IN THE LABOUR COURT OF ZIMBABWE		JUDGMENT NO LC/H/45/13

HELD AT HARARE 18TH FEBRUARY 2013		CASE NO LC/H/636/10

LEONARD CHIBANDA					Appellant

& 23 OTHERS

THE COTTON COMPANY 					Respondent

OF ZIMBABWE LIMITED

Before The Honourable G Musariri, President

For Appellants		Ms R Mutindindi, Attorney

For Respondent		Mr C Maunga, Attorney

MUSARIRI, G:

At the commencement of the appeal before this Court, Respondent raised two points in limine.  The points were that;

Appellants were barred for failure to file their Heads of Argument timeously; and

The matter was res judicata.

I consider the first point as dispostive of the matter.  Rule 19 (1) of  the

Labour Court Rules S.I. 59/06 (hereafter called the Rules) provides that,

“(1)	where an applicant or appellant is to be represented by a legal practitioner at the hearing of the application, appeal or review, the legal practitioner shall -

Within fourteen days of receiving a notice of response to the application, appeal or review, lodge with the registrar heads of argument…”

What happened in casu?

A   Appellants filed their Notice Of Appeal on 24 November 2010.

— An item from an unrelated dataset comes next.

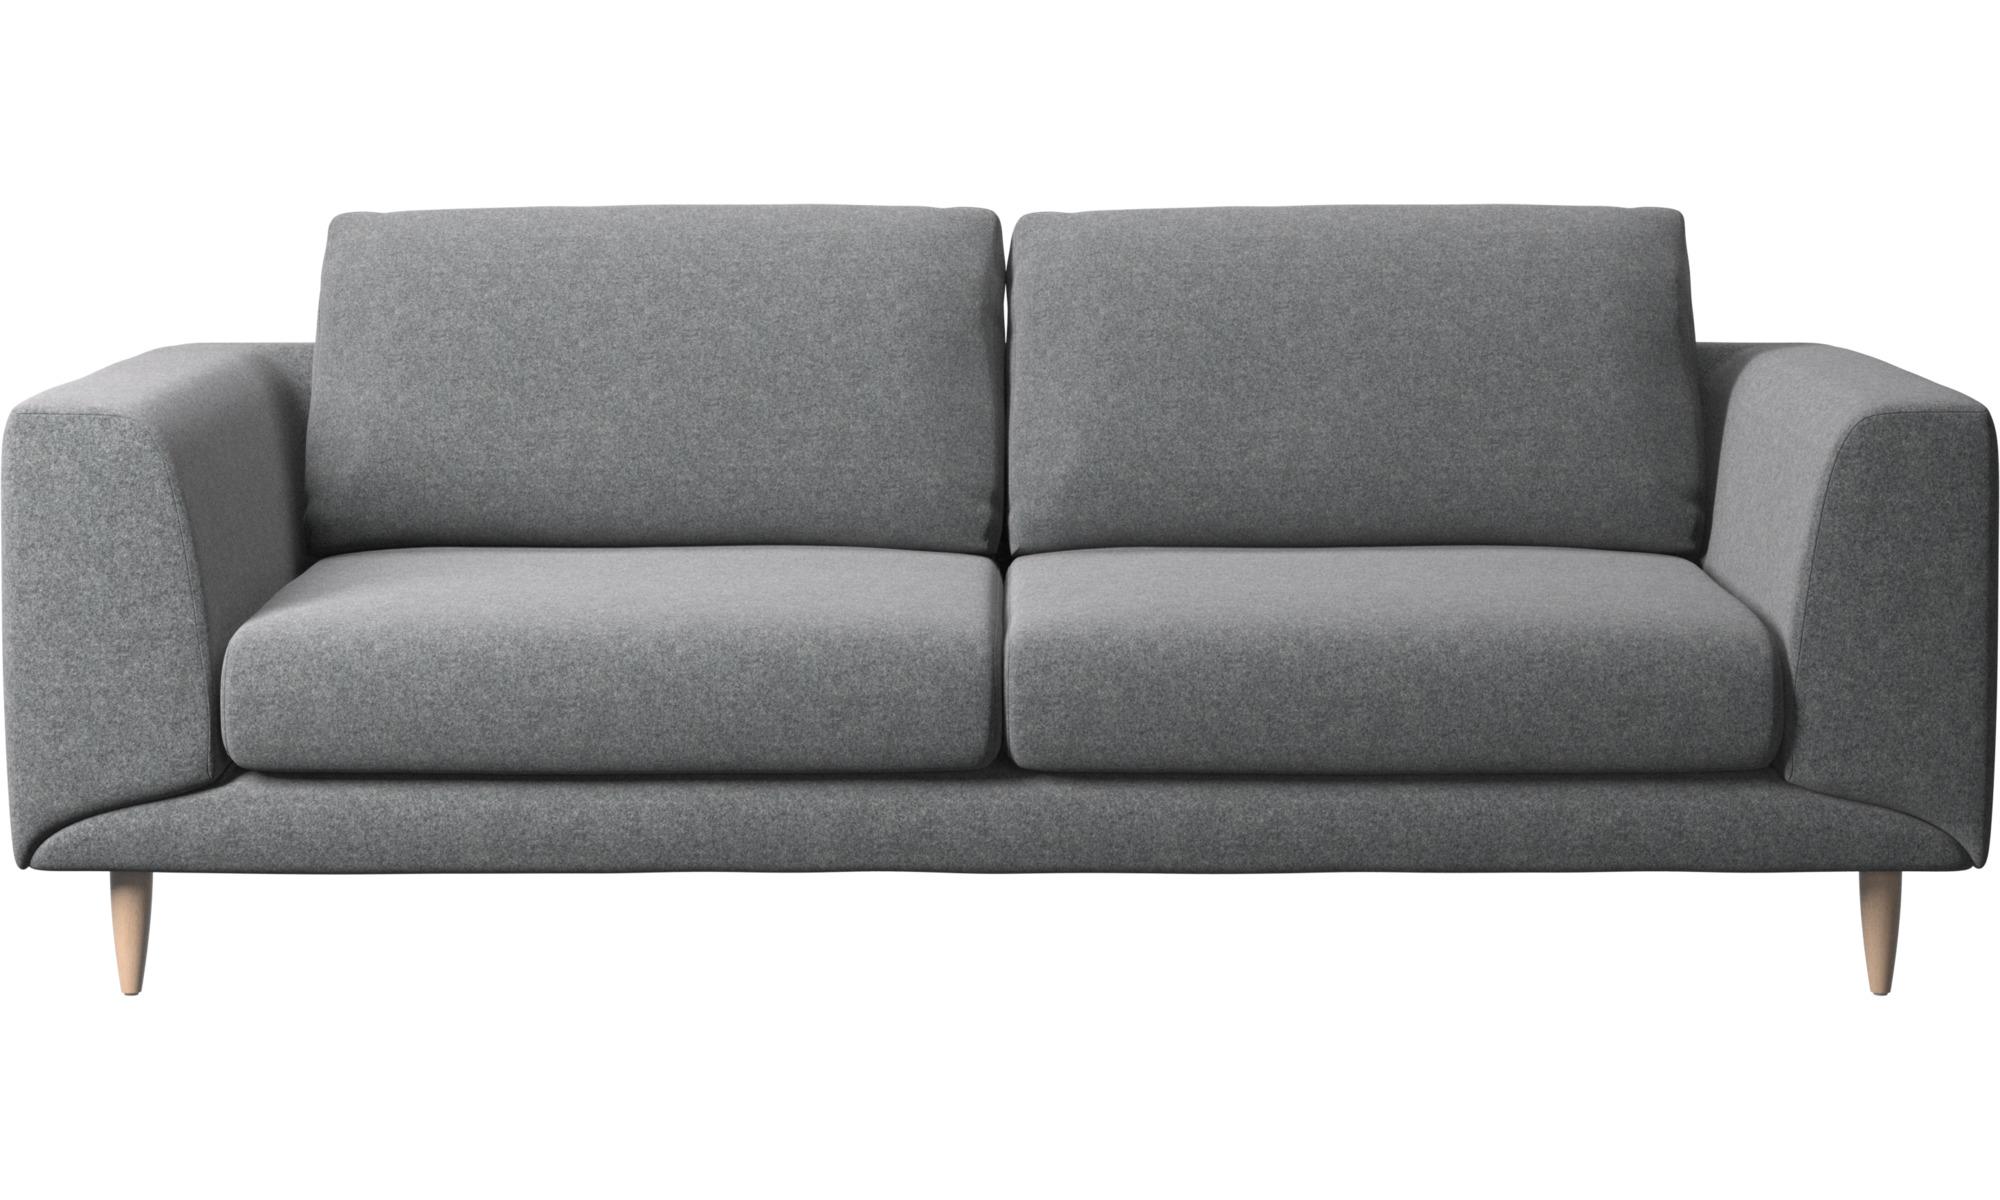 2 5 Seater Sofas Fargo Sofa Boconcept

B  Respondent filed its Notice of Response on 23 February 2011

C  Appellants then filed their Heads Of Argument on 13 July 2011.

In other words Appellants’ Heads were filed 4 ½   months after Respondent’s Response.  The period clearly exceeds the fourteen days’ limit set by Rule 19 (1) of the Rules.

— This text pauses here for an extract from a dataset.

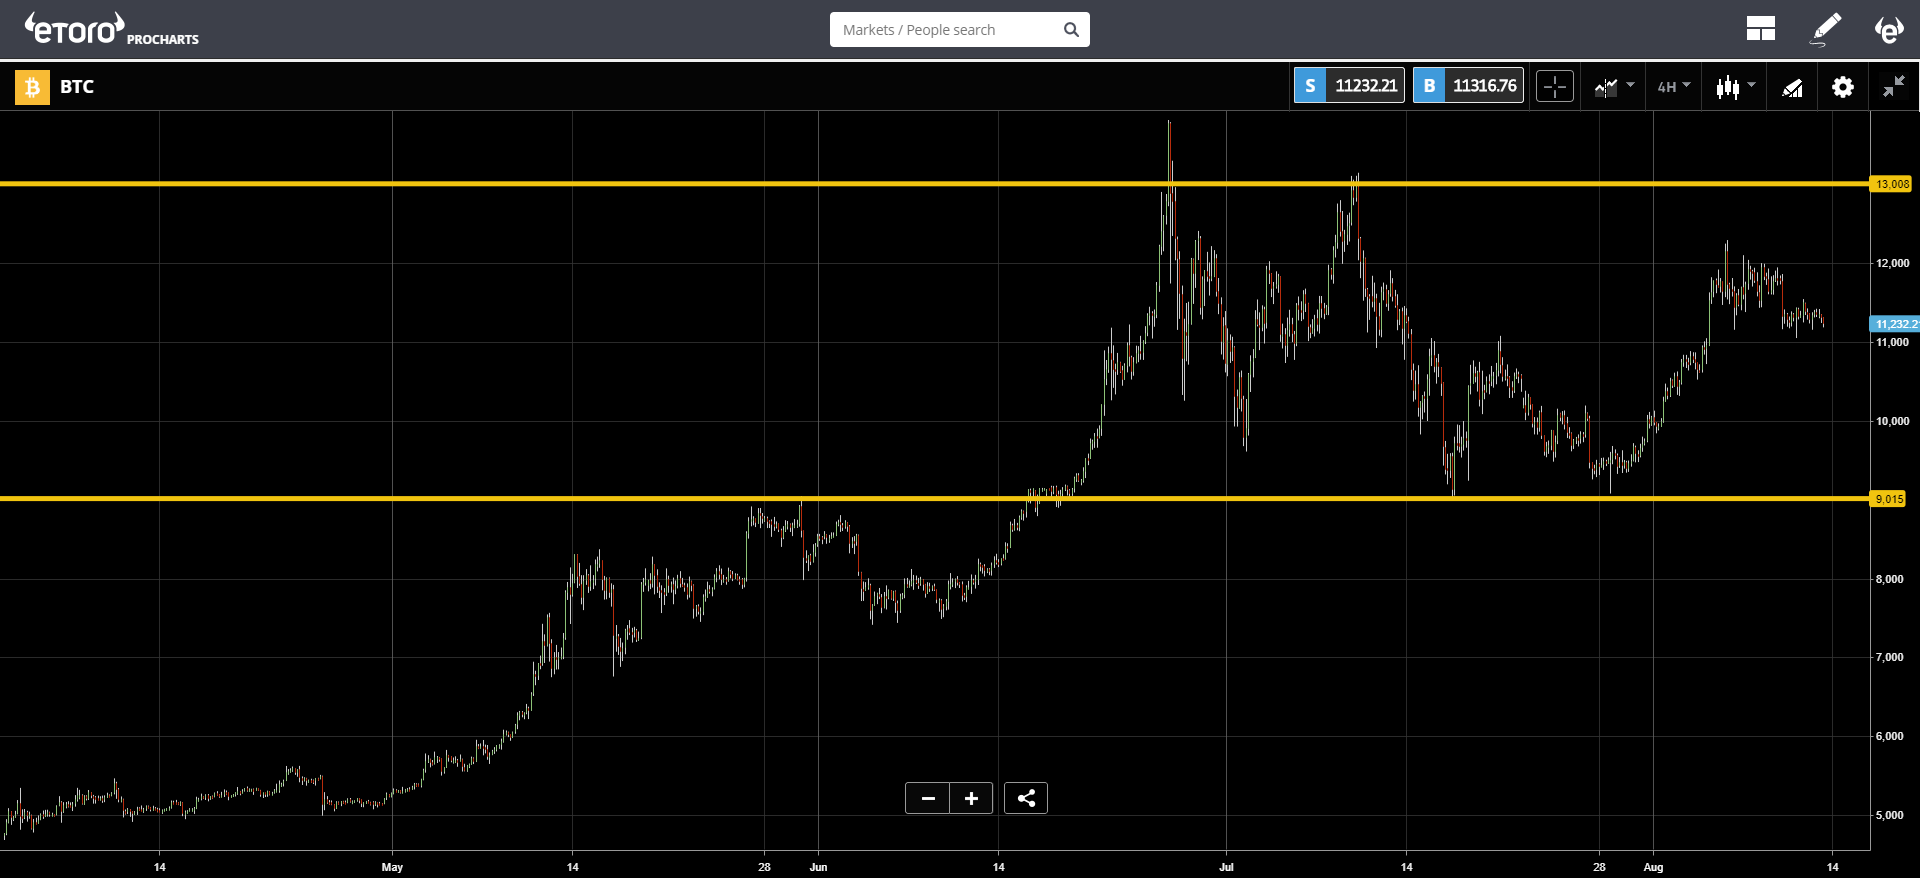 market, cryptocurrency, bitcoin, blockchain, ethereum, investors

What are the implications of the failure to comply with the Sub-Rule?

Rule 19 (3) provides that,

“(3)	Where heads of argument that are required to be lodged in terms of sub rule (1) or (2) are not lodged on behalf of the applicant, appellant or respondent, as the case may be, within the period or at the time specified in those provisions-

…

The defaulting party shall … be barred and the Court may deal with the matter on the merits.”

Accordingly Appellants in casu are barred.  Their attorney reluctantly conceded that point.  She then sought to argue that since they filed belated Heads the matter should proceed.  She declaimed that labour matters should be determined on the merits rather than on than technicalities.  With respect, I consider the argument as misplaced.  The point taken by Respondent’s attorney relates to whether or not Appellants are properly before the Court.  Clearly they are not. They are in flagrant violation of the Court’s Rules.  The exhortation to determine matters on the merits applies to a situation where the parties are properly before the Court.  Clearly this matter is distinguishable from such situation.  Appellants were clearly out time.  They were barred.  They should have applied for the upliftment of the bar.  They did not do so.  Accordingly and regrettably they suffer the consequences.  Respondent prayed that the appeal be dismissed.  Appellants, being barred, are effectively in default.  I will therefore determine the matter on that basis.

Wherefore it is ordered that,

The appeal is hereby dismissed for want of prosecution; and

Each party shall bear its own costs.